When he had fallen asleep, worn out with drink and with talk, she took a syringe from the nurse’s case that she kept always with her at night in case of an emergency, and she gave Thomas a single dose of a drug that was swift and sure. He made no sound, and he did not wake; in ten minutes he was quite dead, and past all hope of heroic measures. She moved him to the floor, long enough to close the couch that served them for a bed, and then she bent and maneuvered him onto it again — she had not spent all these years lifting and turning patients for nothing. She was strong enough, even for a man of his bulk, gone limp in death. She dressed him as he’d been dressed for the banquet, loosening the necktie, making it look as if he’d just stretched out there to take a nap. He often slept in his office, and no one would be surprised that he’d done so after the celebration.
And then! Ah, the wicked nurse, her sexual advances spurned by the upright moral Head of Household even in his slightly tipsy state, fell upon him and repaid his years of kindness with murder most foul! Out of nothing more than her wounded pride… She could easily imagine the newslines and the threedy features… CRIME OF PASSION! VINDICTIVE NURSE CRAZED WITH LUST AND MADDENED BY REJECTION, SLAYS TOP DOG LINGOE! It would be a seven days wonder. Maybe eight days. Maybe, since it was Thomas Blair Chornyak, much longer. It should buy the women many months, even if some other of the men had begun to notice what was happening, because the transfer of power for such an empire as the Lines constituted could not be a simple matter.

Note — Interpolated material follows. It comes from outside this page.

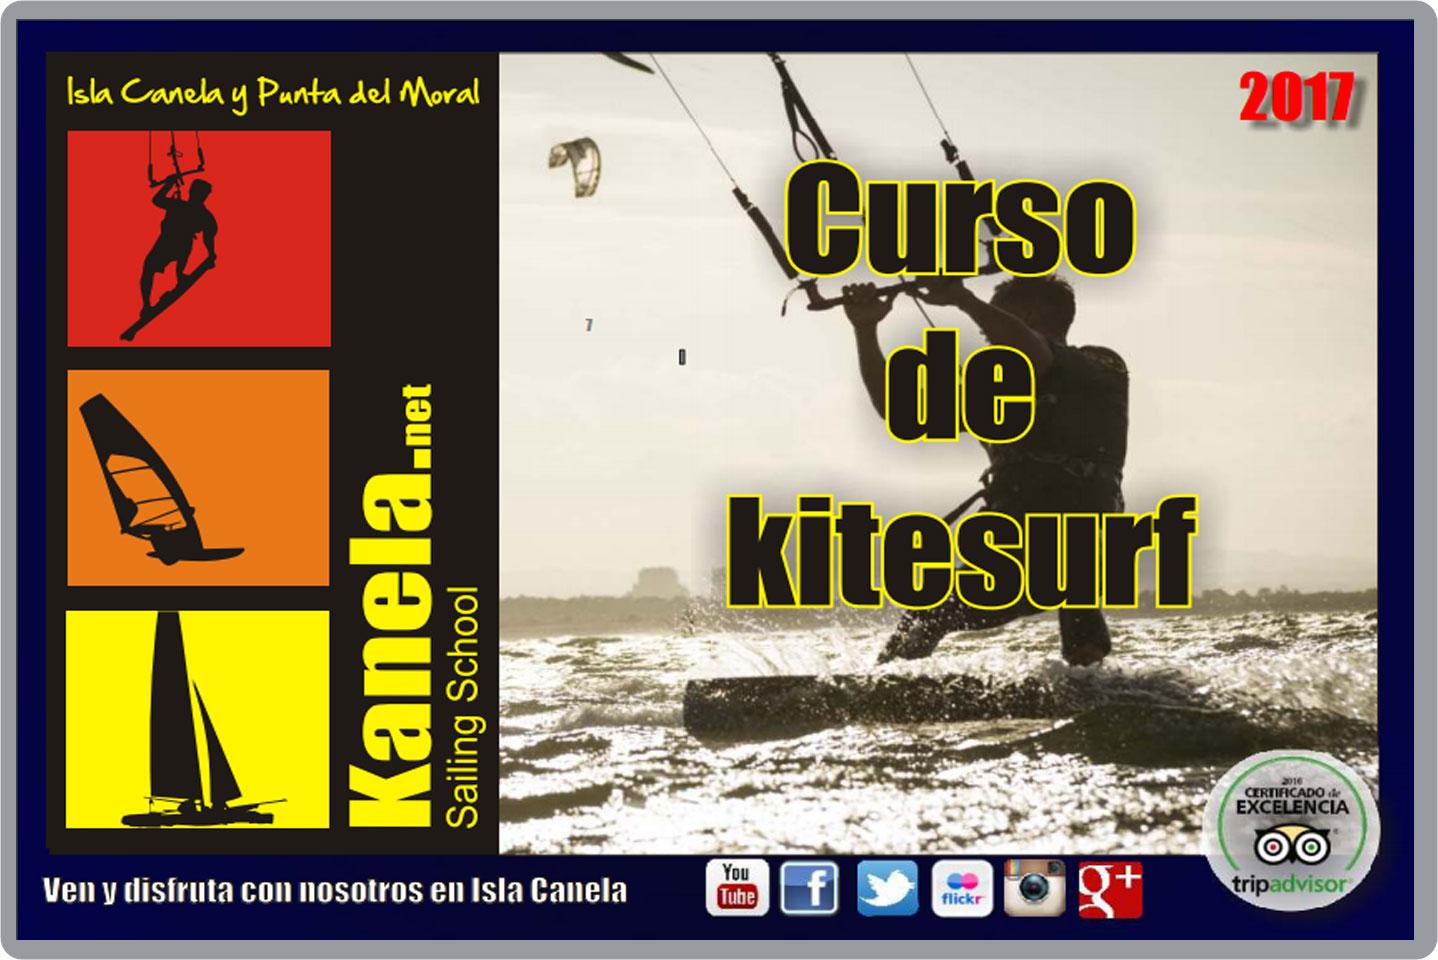 Dossier Curso Kite Surf

She had never been so calm, or so content. She was sorry that she would have to leave Nazareth Chornyak… dear Nazareth. But if Nazareth had known of this, she would have been grateful to have Michaela do for her what she could not do herself. It was a fitting gift to leave for her.
Michaela took her nurse’s case and went to her own room and her own bed; she fell asleep at once and slept without a single dream to disturb her rest. And she didn’t bother to undress. When they came for her in the morning, as they would the moment they saw the empty syringe beside the corpse, she would already be dressed to welcome them.